February 15, 2026 (3 weeks ago) Derek Jones 2 comments

As computer functionality increases, it becomes easier to write programs to handle more complicated problems which require more computing resources; also, the low-hanging fruit has been picked and researchers need to move on. In some cases, the complexity of existing problems continues to increase.

The Linux kernel is an example of a solution to a problem that continues to increase in complexity, as measured by the number of lines of code.

The distribution of problem complexities will vary across application domains. Treating program size as a proxy for problem complexity is more believable when applied to one narrow application domain.

Since 1960, the journal Transactions on Mathematical Software has been making available the source code of implementations of the algorithms provided with the papers it publishes (before the early 1970s they were known as the Collected Algorithms of the ACM, and included more general algorithms). The plot below shows the number of lines of code in the source of the 893 published implementations over time, with fitted regression lines, in black, of the form $LOC approx e^{0.0004days}$ before 1994-1-1, and $LOC approx e^{0.00006days}$ after that date (black dashed line is a LOESS regression model; code+data).

LOC is algorithm implementations published in TOMS, colored by main language.

The two immediately obvious patterns are the sharp drop in the average rate of growth since the early 1990s (from 15% per year to 2% per year), and the dominance of Fortran until the early 2000s.

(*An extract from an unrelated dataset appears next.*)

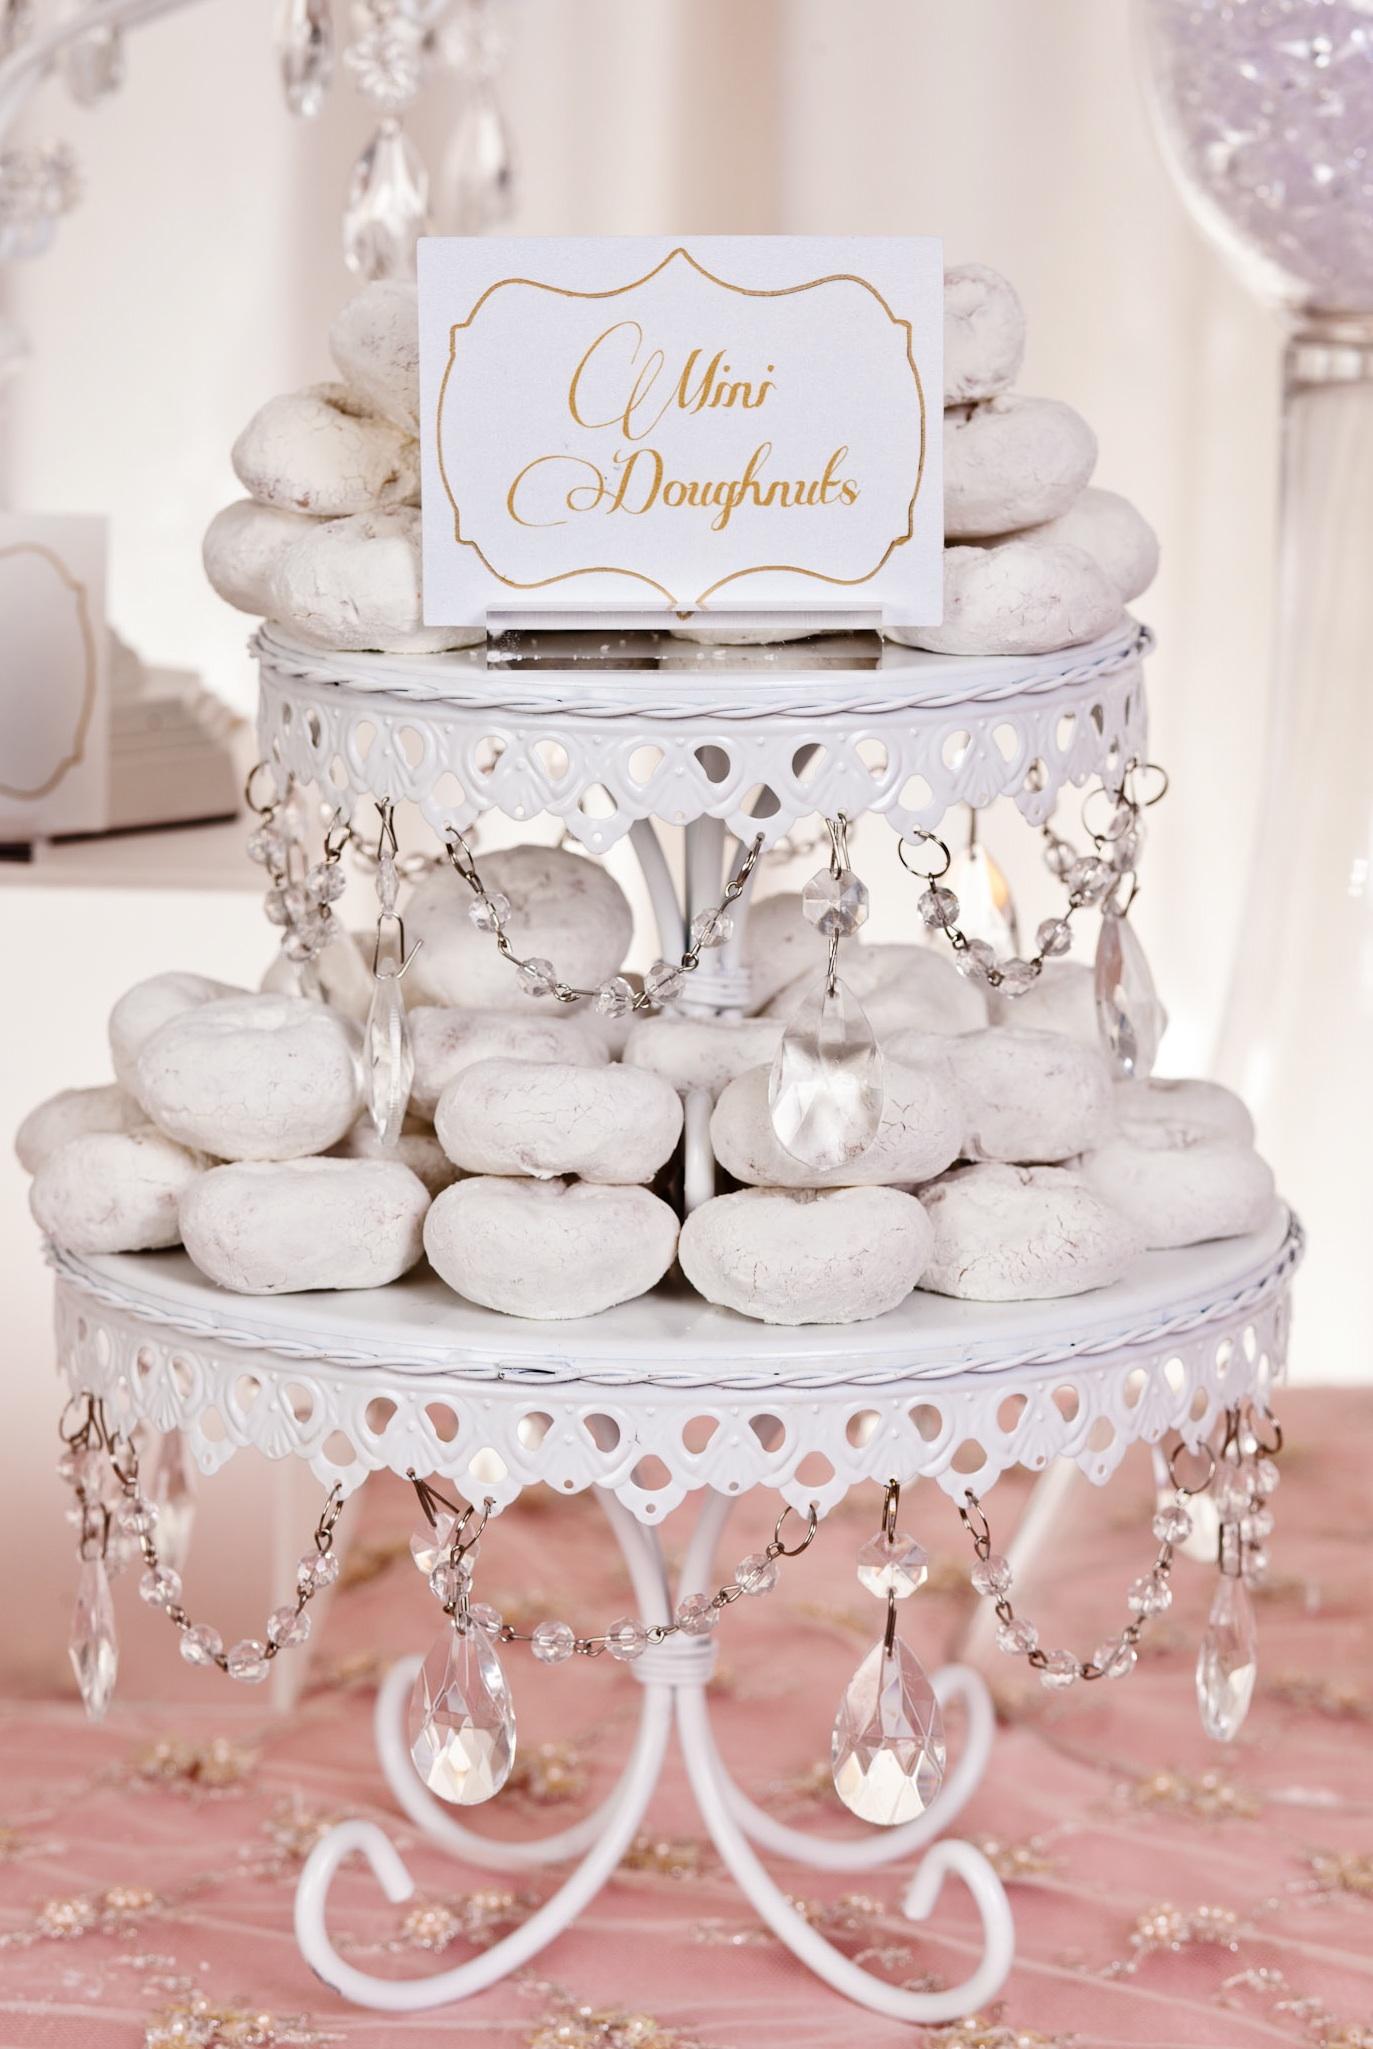 Mini Donuts   White Cake Stands

The growth in average implementation LOC might be caused by algorithms becoming more complicated, or because increasing computing resources meant that more code could be produced with the same amount of researcher effort, or another reason, or some combination. After around 2000, there is a significant increase in the variance in the size of implementations. I’m assuming that this is because some researchers focus on niche algorithms, while others continue to work on complicated algorithms.

An aim of Halstead’s early metric work was to create a measure of algorithm complexity.

If LLMs really do make researchers more productive, then in future years LOC growth rate should increase as more complicated problems are studied, or perhaps because LLMs generate more verbose code.

The table below shows the primary implementation language of the algorithm implementations:

  Language   Implementations
   Fortran        465
         C         79
    Matlab         72
       C++         24
    Python          7
         R          4
      Java          3
     Julia          2
       MPL          1

If algorithms are becoming more complicated, then the papers describing/analysing them are likely to contain more pages. The plot below shows the number of pages in the published papers over time, with fitted regression line of the form Pages approx 3+0.001*days (0.38 pages per year; red dashed line is a LOESS regression model; code+data).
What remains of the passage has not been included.